Author: Martinx - ジェームズ Date: To: t.j.duchene CC: dng@lists.dyne.org Subject: Re: [Dng] No,
the majority doesn't knows. Long life to the Scientific Method!
On 14 December 2014 at 23:12, <t.j.duchene@???> wrote: > Just my two cents?
>
> Ideally speaking, running a project via democracy works. Debian can and
> does function. The problem with Debian is that those who can vote are a
> tiny subset of a much larger community with agendas. Thus when it comes
> down it, a tiny group basically makes decisions for the whole. Most of the
> time, those decisions are not controversial and accepted without comment.
>
> Unfortunately, the systemd debacle was not, and the vast majority who made
> comment really did not understand what the hell they are deciding.

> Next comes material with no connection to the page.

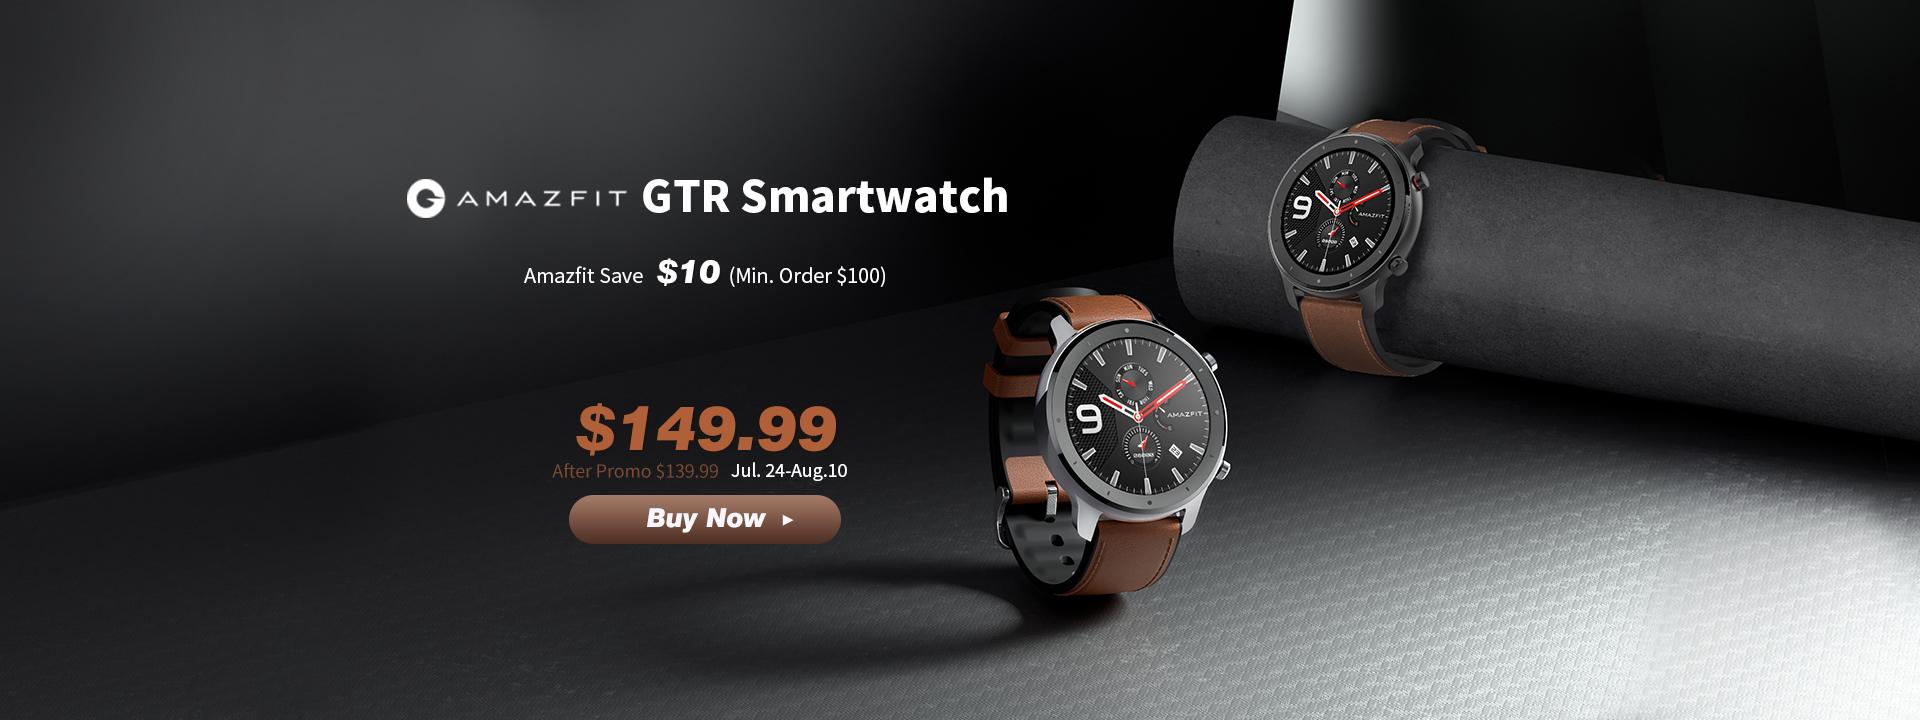 Amazfit GTR smartwatch for Just $139.99 2

How many
> of those individuals actually looked at the systemd codebase and its real
> world use or fail cases? I’d a semi-educated guess maybe Debian ten
> developers - at best - really looked at the code or did any form of QA on
> systemd specifically, even though is the most radical change to the
> distribution in at least 10 years. The rest took it on popularity,
> regardless of whether or not it was a bad design decision. Case in point?
> I do not believe that they tested Jesse without systemd against Jesse with
> systemd. The decision appears to have been made arbitrarily.
>
> What does this suggest to me? That actual technical core decisions should
> be in the hands of developers and Quality Assurance who know what they are
> about. The word for it is called meritocracy. The weight of your opinion
> is determined by the quality of the work you put into the project.
>
> Until the Devuan development team officially invites others to join the
> team, our opinions - while respected - are basically irrelevant. We are
> sitting about chatting, but that doesn’t get Devuan to release.
I must say that it does not worth only two cents, it worth two
Bitcents! Bitcoins, you know?! \o/ ... Which worth a lot more !
:-D
I see your point, and I understand it completely.
Lets not repeat Debian's mistakes!
Also, somehow, we need to make sure the that the majority will never
crush the minority, because this is a bad thing.